The orchestral fabric ensures we hear things that less experienced
practitioners fail to bring out; wind lines are especially evocative.
There is a fine hushed pianissimo in the slow movement, the heart
of the affair – where Clein is elastic in her phrasing. And the
finale sees once more those combative brass and tactile winds
to the fore. Rhythms are stamped out tightly but Clein occasionally
distends the melodic line too much – very communicative but less
persuasive architecturally.
So a fine performance of the concerto, if one
that tends to linger a little too much for my own tastes.
Clein and Handley then combine on a series
of well-known Elgar works arranged by Julian Milone for cello
and orchestra. This is really a strange collection of non-cellistic
morceaux. In Moonlight works well enough; it’s not too dragged
out. La Capricieuse encroaches on the violin repertoire. It has
a rather salon profile that thereby robs it of incision and wit.
The central, contrastive espressivo episode doesn’t really work
on the cello. The Romance was originally written for bassoon and
I don’t object to this version. Salut d’Amour gets trotted out – there’s
more than a hint of the Hotel Cecil Orchestra on Zonophone 78s;
but at least there’s not too much sugar about this arrangement
or the speed with which it’s taken. And there’s more than a touch
of the George Melachrinos about Chanson de Matin. Still that’s
far preferable in my book to the bizarre register fumbling involved
in Sospiri, which is, to put it crudely, mutilated.

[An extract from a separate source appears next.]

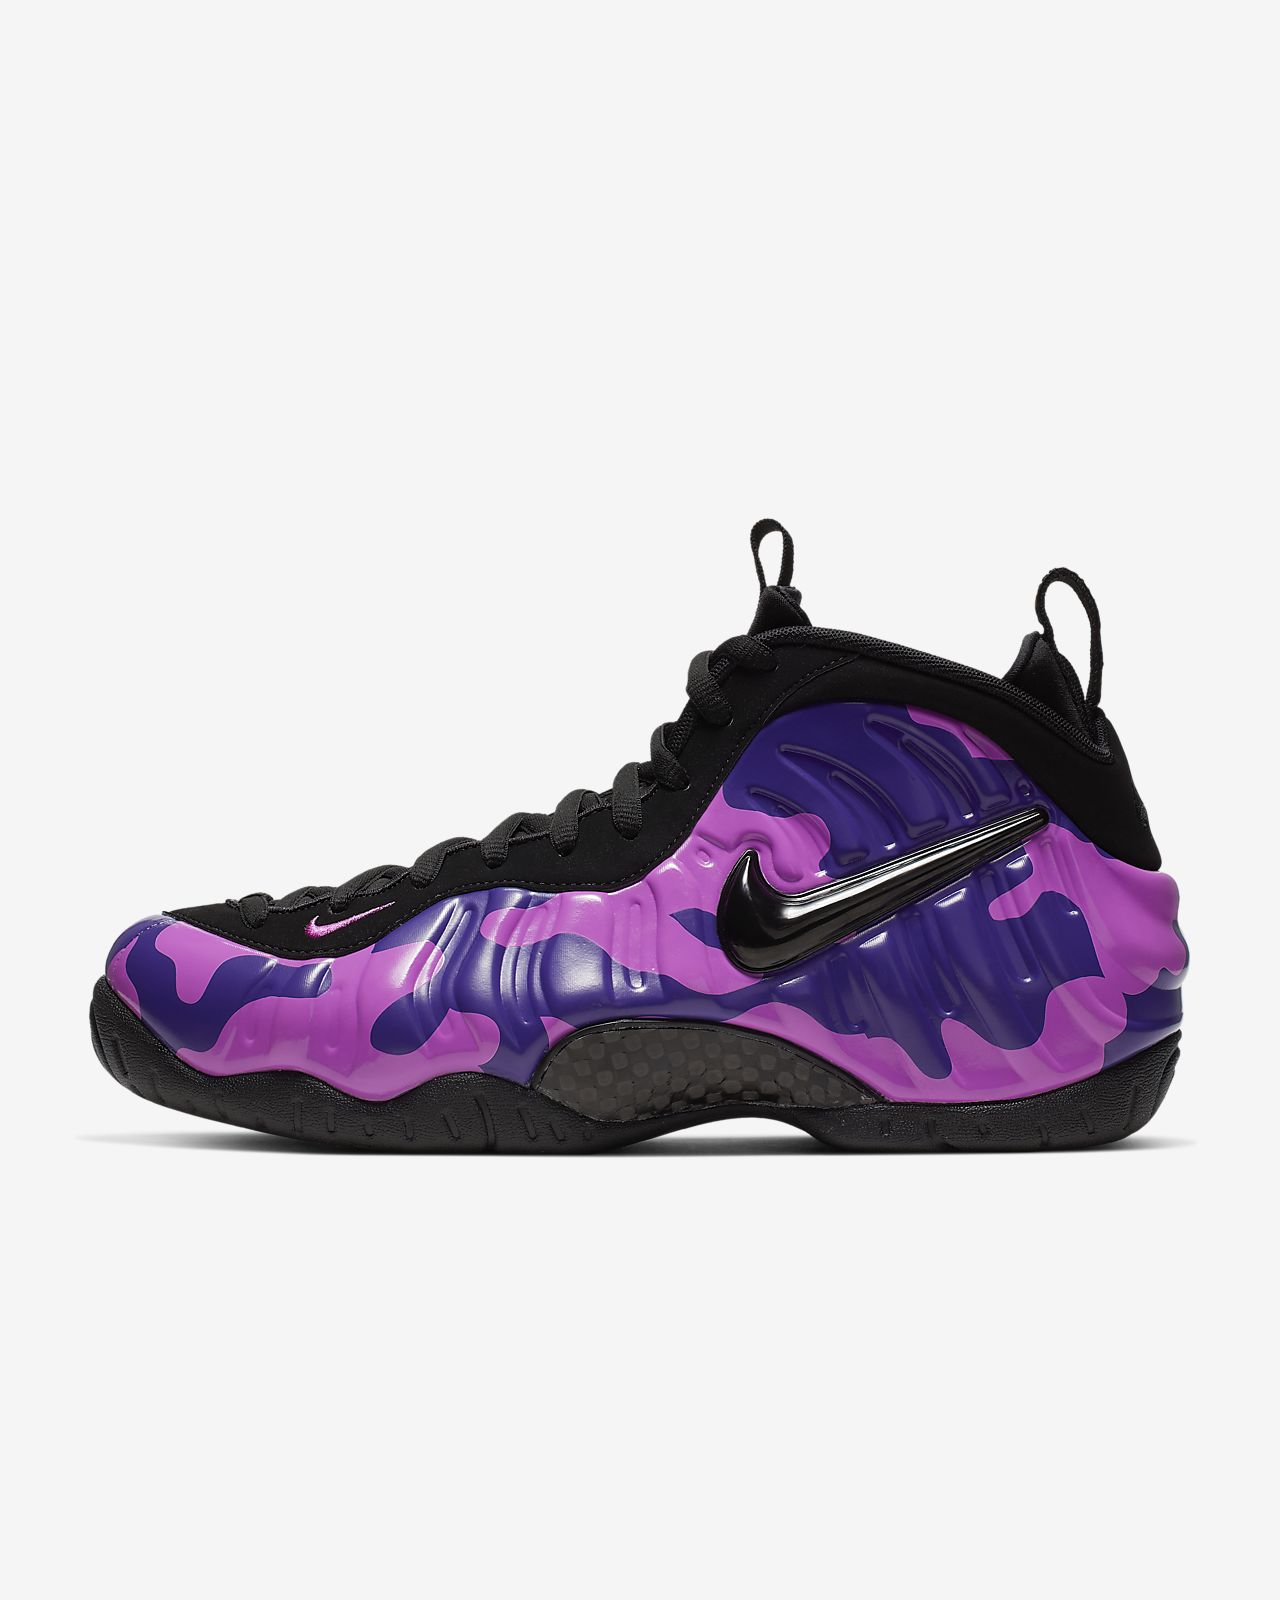 save off 7f030 dffe4 Nike Air Foamposite Pro Men's Shoe

I doubt you’ll play these arrangements too
often so that leaves us with the Cello Concerto – a warm, highly
expressive, though very closely recorded performance. I like Frenchmen
in this concerto – they tend to get the emotional balance right – but
I’ve always liked Pini from a semi-historical perspective. There
are plenty of contemporary performances out there; I admire this
Clein performance but it’s a tough ask to promote just the concerto.